Johnnie, I love the things you did to address the problems with the swing arms and raising lever. Thanks for posting those pics as well! :thumbsup:


----------



## Kenbo

Thanks for the kind words guys. Actually, the first set of lines was drawn corner to corner to find the center of the board for fastening to the drill press table. I then place the board on the drill press and realized that there was no way in h-e-double hockey sticks that this was going to work so I had to redraw my lines. As far as centering goes, I used a center line on both boards and lined them up that way. I'm still not done the table but it is extremely functional for now. Make your own guys....ask any questions you want to and I will try to help.


----------



## haugerm

That's an extremely useful looking table there, Kenbo. Great job. When I built my table I couldn't stand the thought of drilling through it, so I made replaceable inserts for the top. Just a thought, if you do any more modifications. Wish I'd thought to make mine adjustable like that.
--Matt


----------



## Woodwart

I am wondering why you want the table to pivot in that direction. Don't most dp tables pivot from left to right? Mine does, or do you want to do compound angles sometimes?


----------



## Kenbo

Woodwart said:


> I am wondering why you want the table to pivot in that direction. Don't most dp tables pivot from left to right? Mine does, or do you want to do compound angles sometimes?

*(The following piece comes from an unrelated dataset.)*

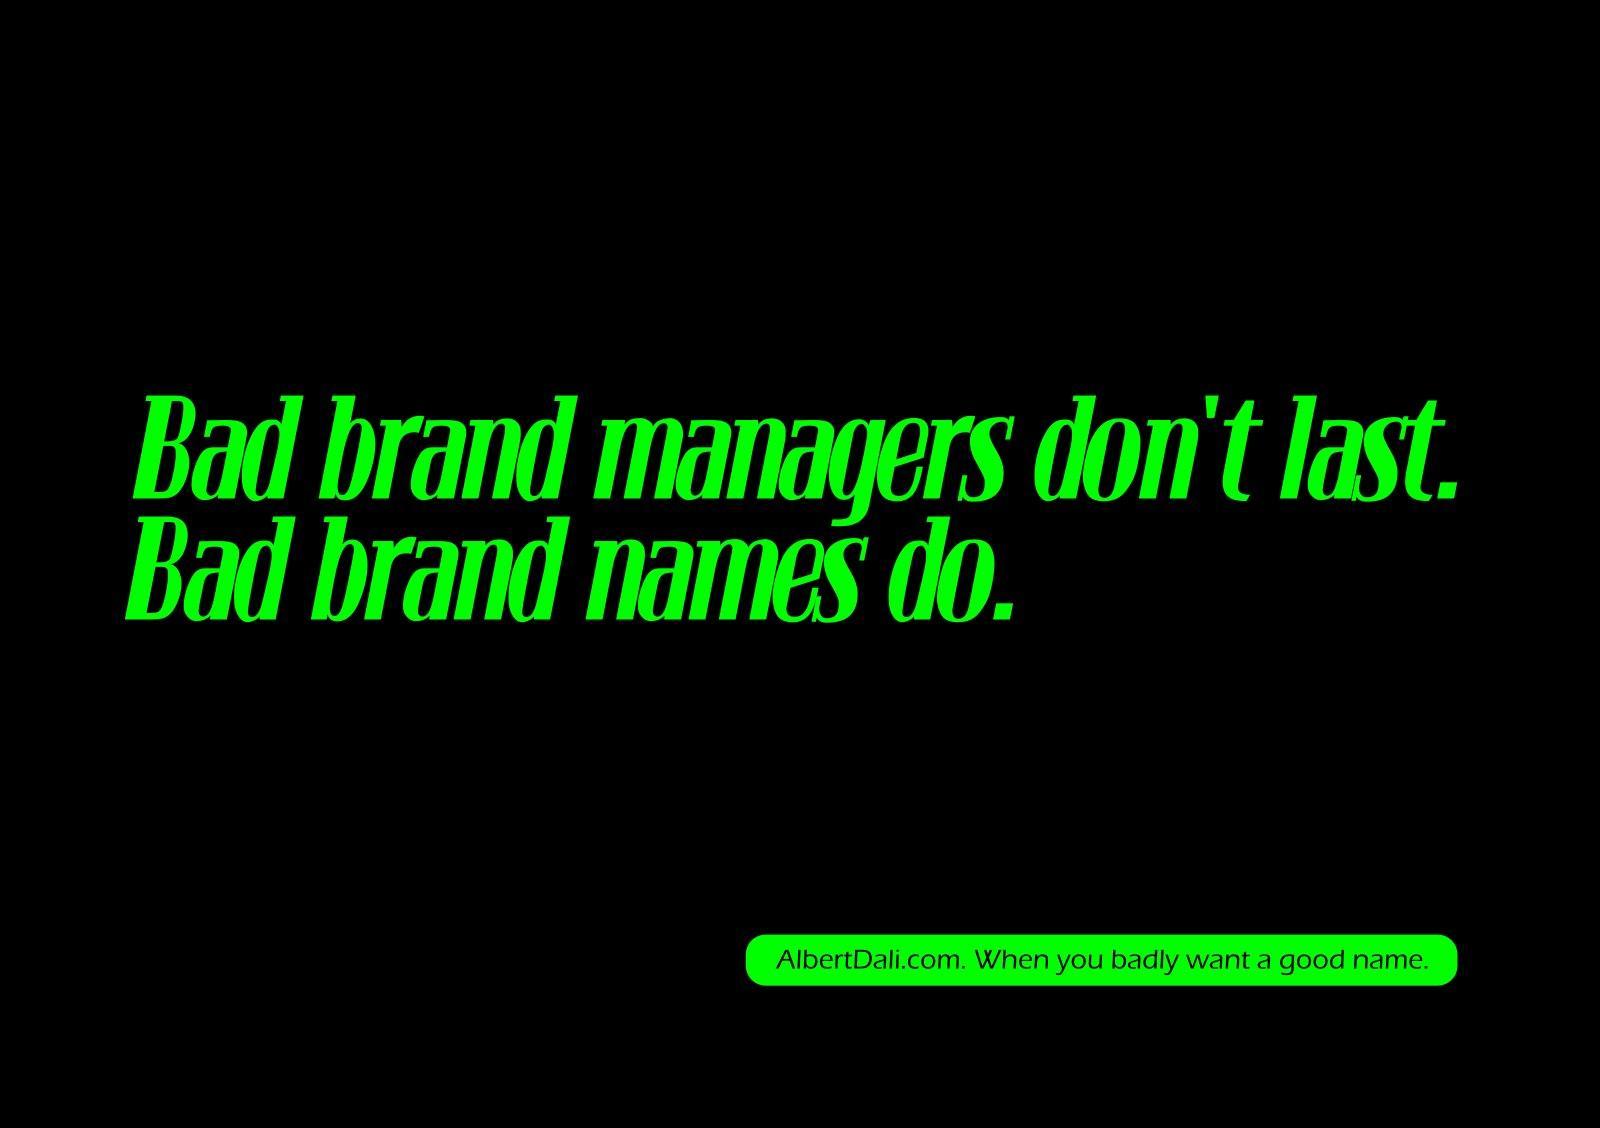 Albert Dali Print Ad -  Bad brand managers

The stock drill press table is a PITA to adjust so I just leave it as is, not to mention that it takes a wrench that no normal human being would have access to. It's huge. I'm not really sure why the hinge is where it is. Just how it ended up I suppose. I don't always think everything through. :laughing:


----------



## Pirate

Nice dp design.
If you add a track and stop, I would use flip stops. I use 2 flip stops.
Picture, drilling the holes for cup hinges in cabinet doors. Instead of using 1 stop and drilling all the upper cup holes, then changing the stop, and drilling the bottom holes, you can set 2 stops up, and with 1 stop up, drill the upper hole. Then flip that stop up and the other down, and drill the other hole.
Below is a picture of a stop I made. Sorry about the picture quality.
Again, nice work on the table


----------



## Woodwart

Kenbo said:


> The stock drill press table is a PITA to adjust so I just leave it as is, not to mention that it takes a wrench that no normal human being would have access to. It's huge. I'm not really sure why the hinge is where it is. Just how it ended up I suppose. I don't always think everything through. :laughing:


Yeah, and I realized after I made that post that if you wanted to, say, drill corner to corner on a square piece of wood, it would be a PITA to do it with the tilt table, especially if you wanted to drill in the middle of the length. :huh:


----------



## Bagman8

I can't seem to find Johnnie's drill press pics


----------



## Kenbo

Bagman8 said:


> I can't seem to find Johnnie's drill press pics


Huh? :blink:


----------